Ignore the “jagged” nature of the plot. The original data set is hundreds of megabytes big, and in that data set the curves are much smoother (-;

The important question is: is this any different than the geometric mean? Let’s re-plot the geometric mean plot so we can look at both.

```
flow.Stats1DView(statistic = ('GFP', 'geom_mean'),
variable = 'Minutes',
scale = 'log',
huefacet = 'IP',
huescale = 'log').plot(ex_stat,
ylabel = 'Geometric mean of GFP (au)')
```

I think those dynamics look significantly different.

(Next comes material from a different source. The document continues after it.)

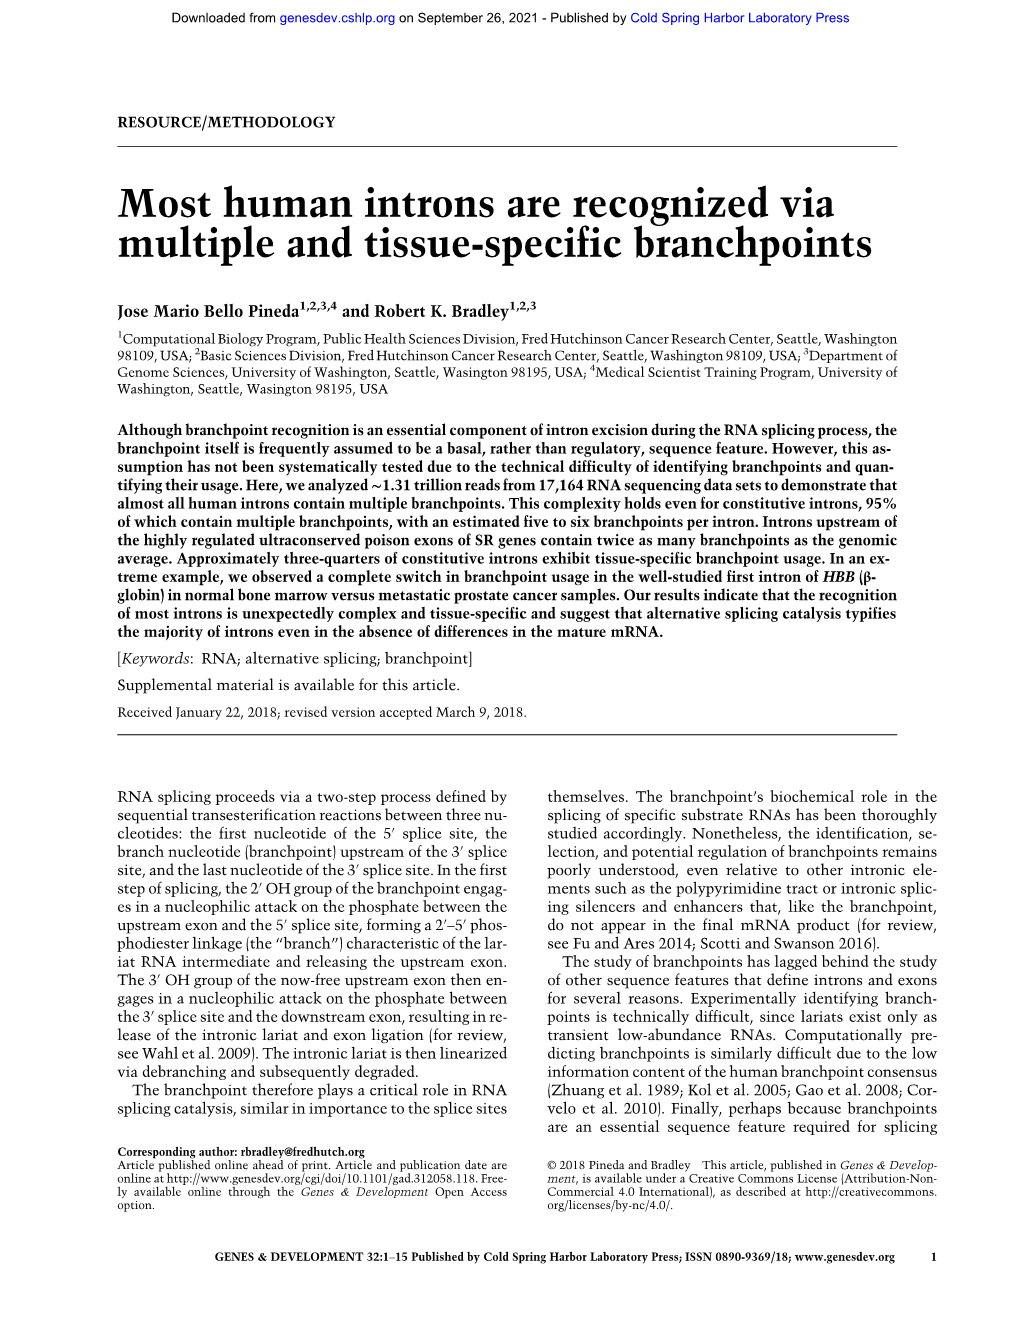 Most Human Introns Are Recognized Via Multiple and Tissue-Specific Branchpoints

For one thing, the mixture model “saturates” much more quickly – both in time and in [IP]. The geometric mean model indicates saturation at about 5 uM, while the mixture model seems to saturate one or two steps earlier. Things also stop changing quite as dramatically by about 240 minutes, whereas the geometric mean hasn’t reached anything like a steady state by 480 minutes (the end of the experiment.)

I hope this has demonstrated a non-trivial insight into the dynamics of this biological system that are gained by looking at it through a quantitative lens, with some machine learning thrown in there as well.